- [Required action]: The output should be every line below, retyped exactly, with no images.

- [Dataset excerpt]:
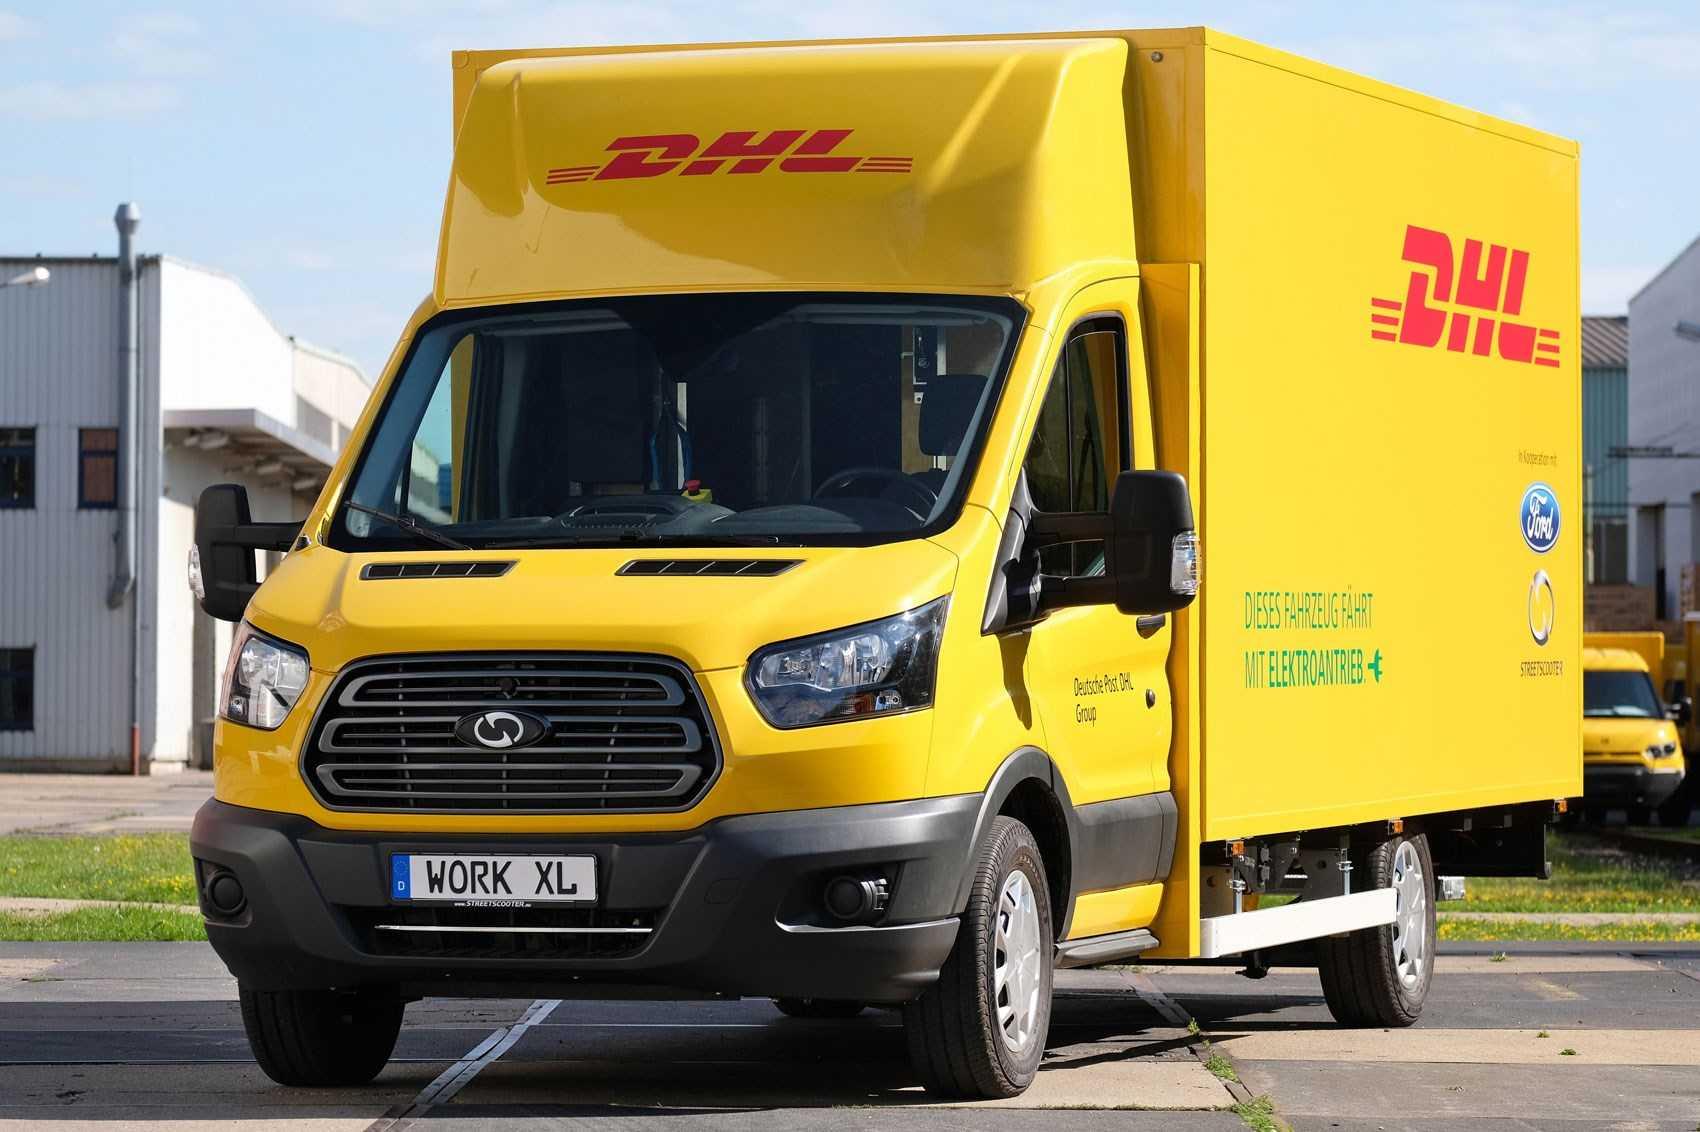 Ford e-transit 2022— новый электрический фургон (350 км без подзарядки)
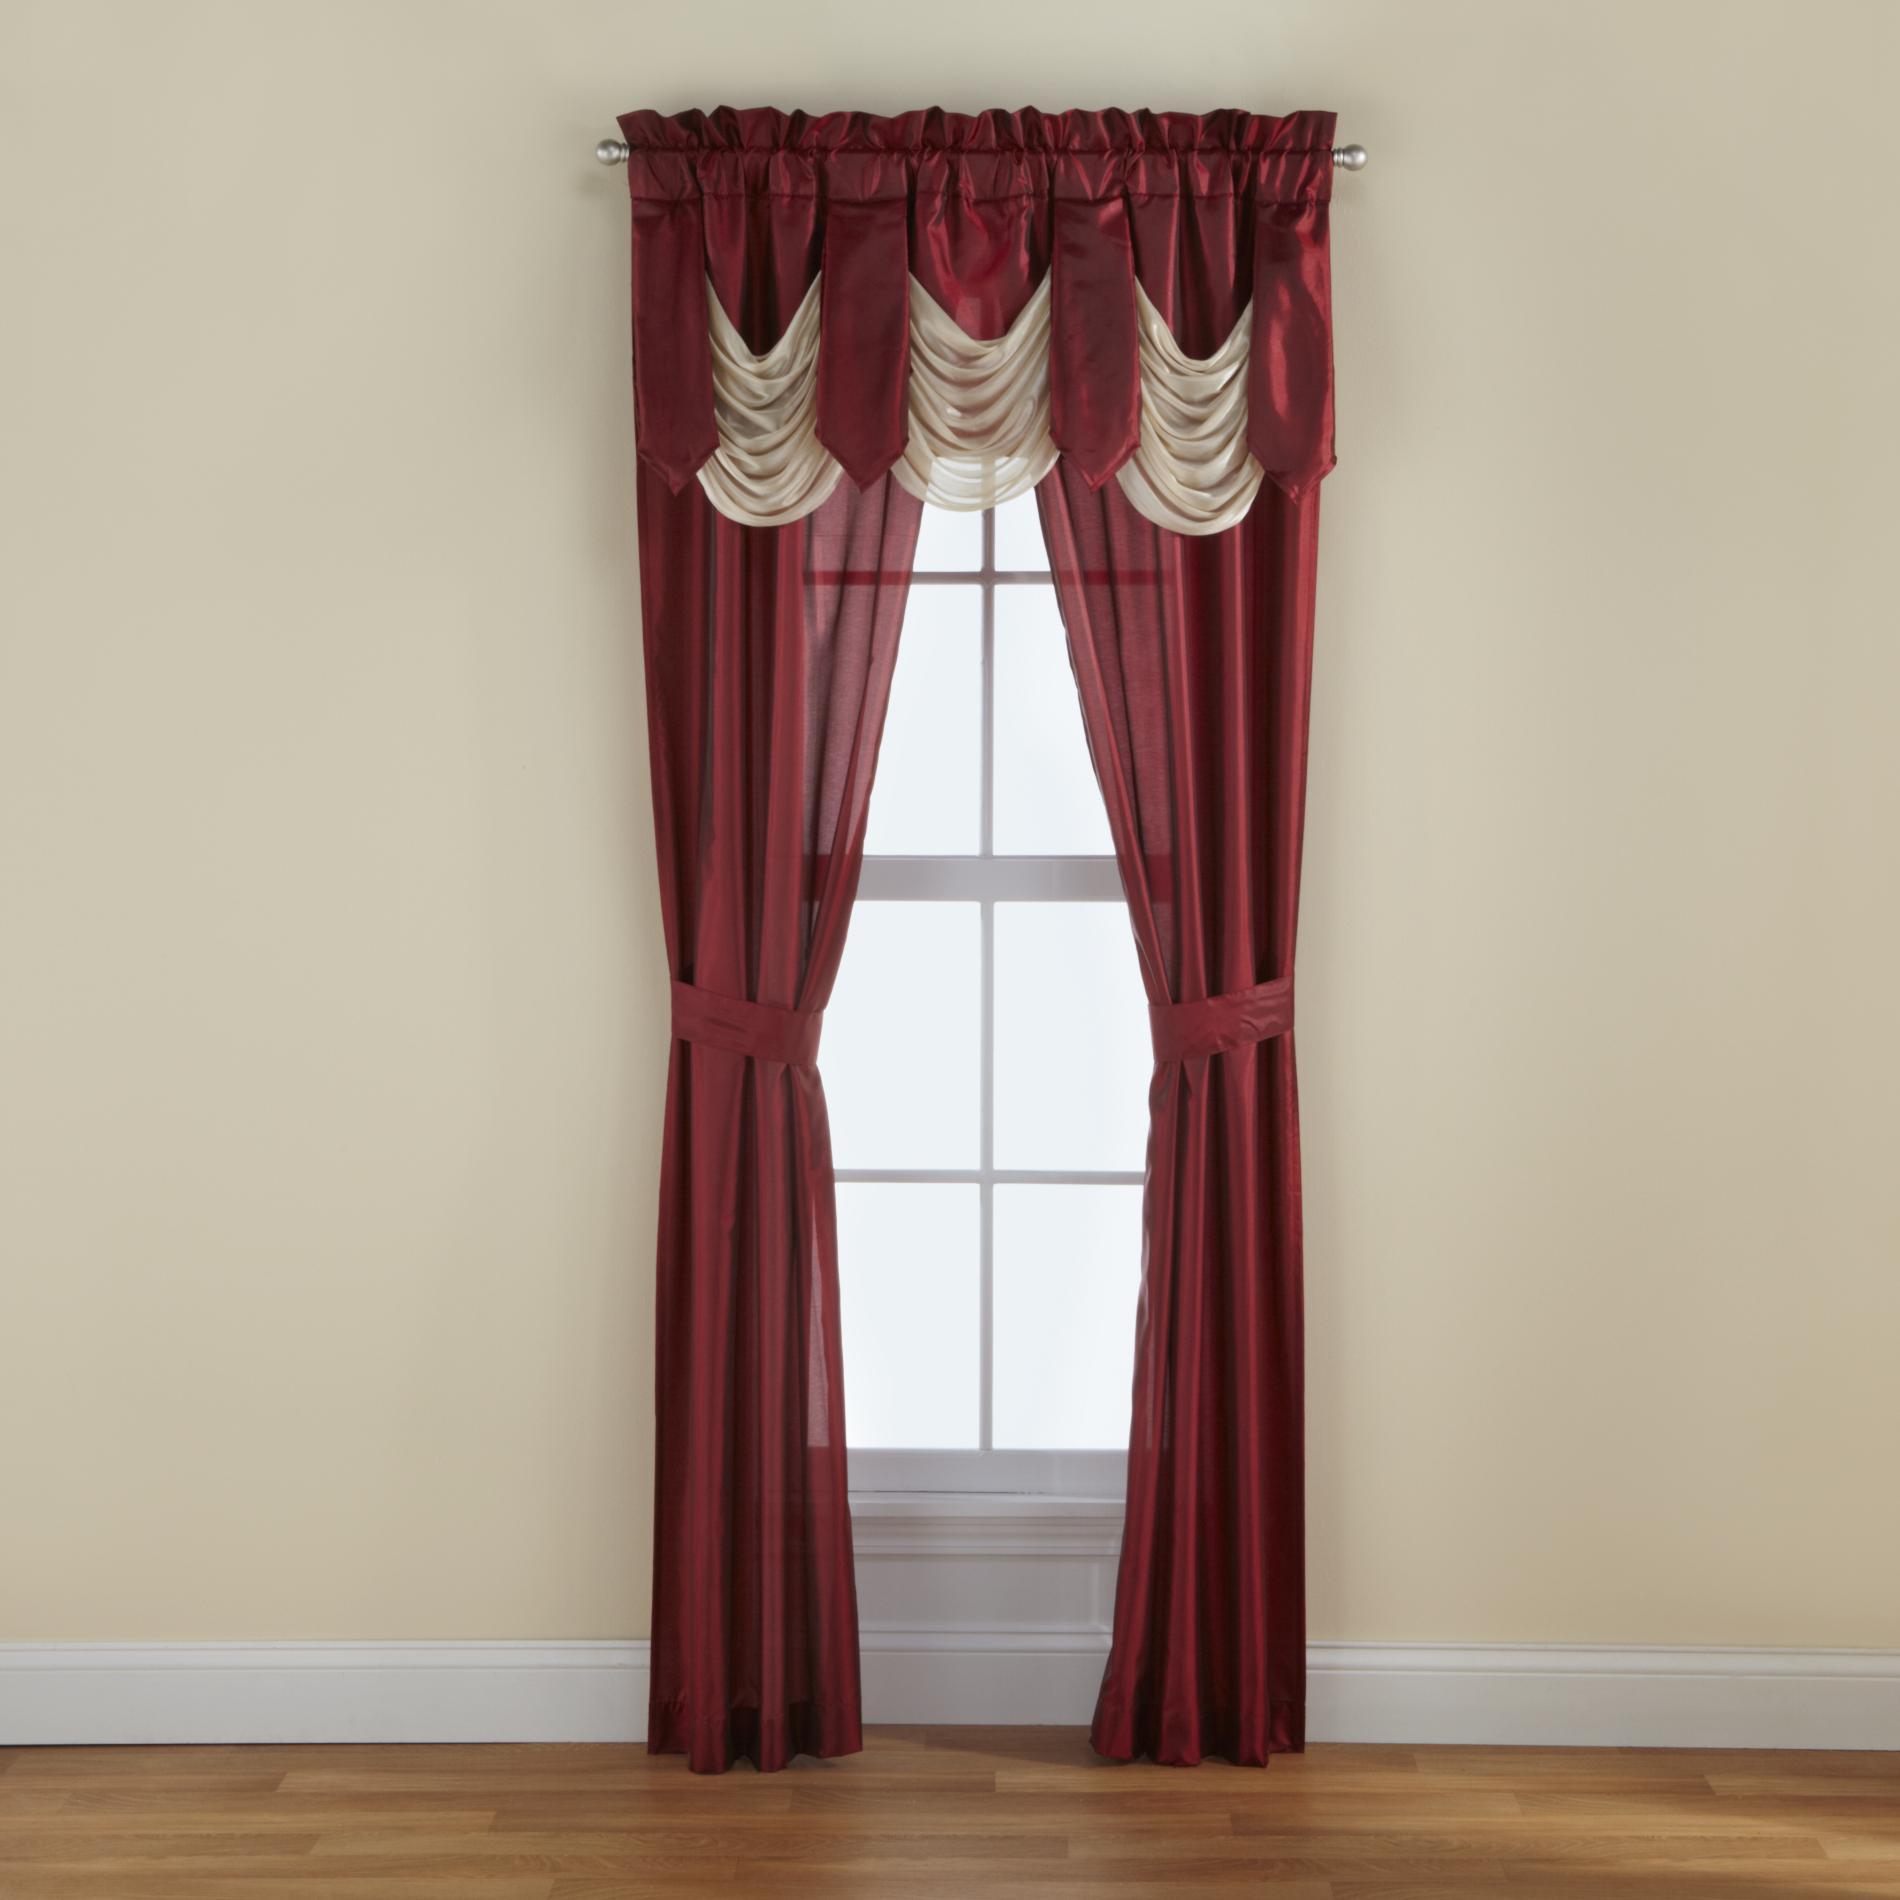 Cannon 5Piece Curtain Panels Valance  Tiebacks
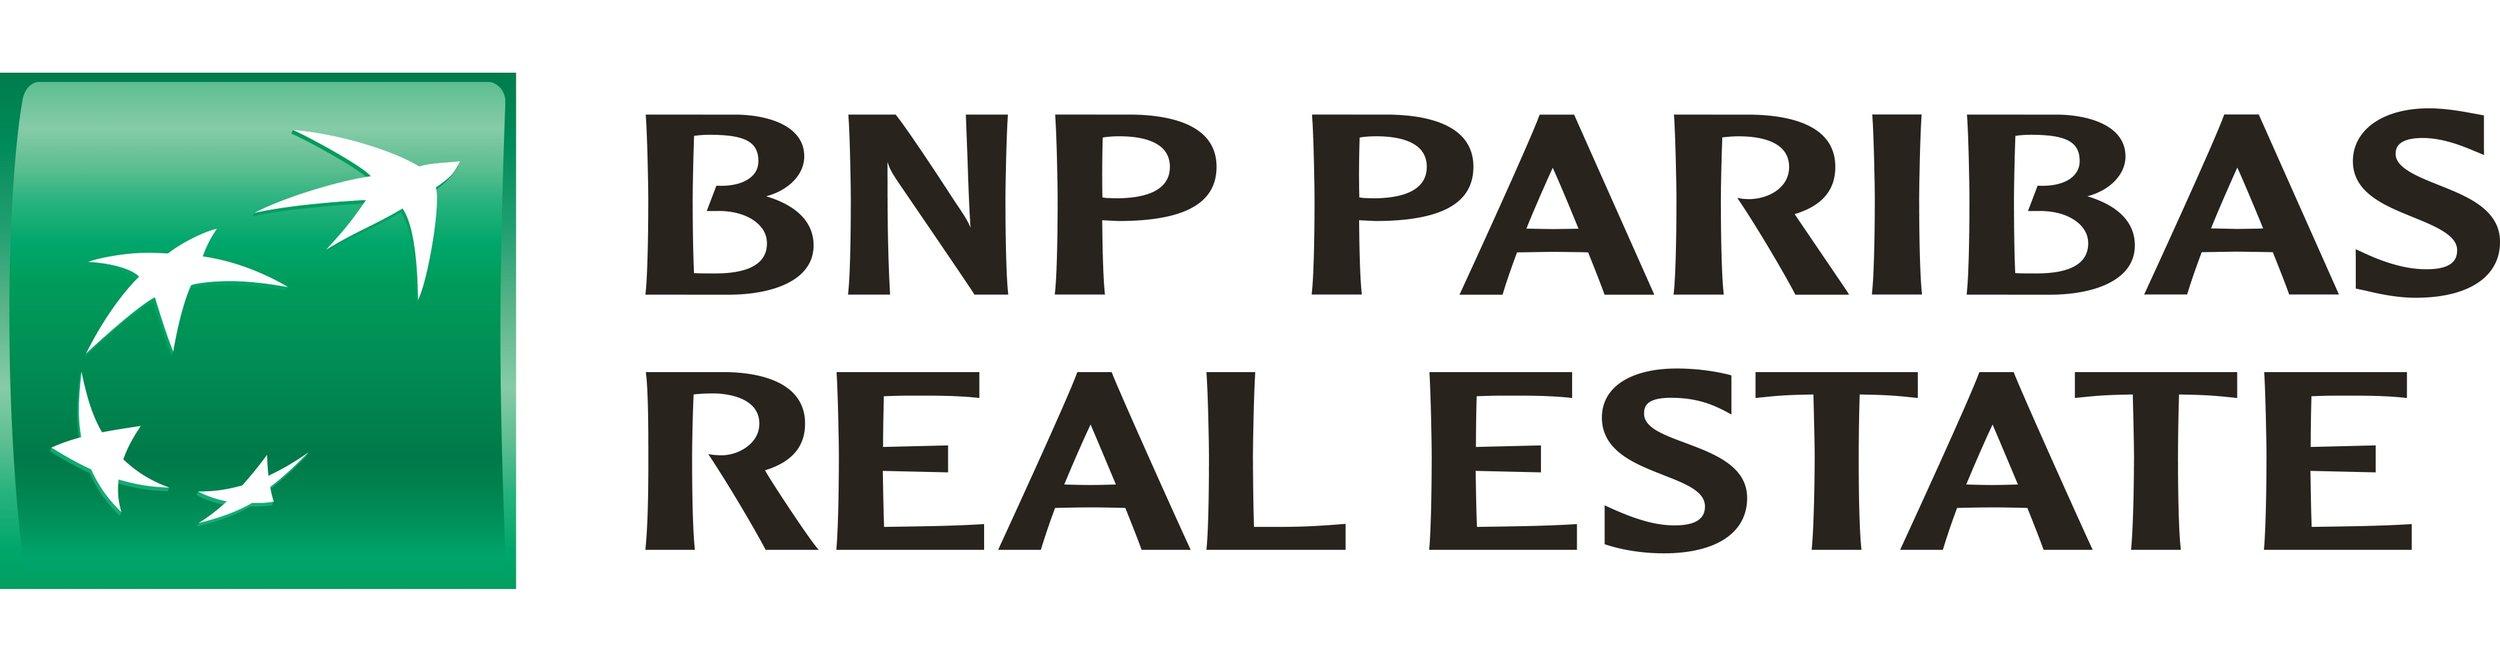 BNP-Paribas-Real-Estate-HiRes-1.jpg

- [Exercise response]:
 Ford e-transit 2022— новый электрический фургон (350 км без подзарядки)
 Cannon 5Piece Curtain Panels Valance  Tiebacks
 BNP-Paribas-Real-Estate-HiRes-1.jpg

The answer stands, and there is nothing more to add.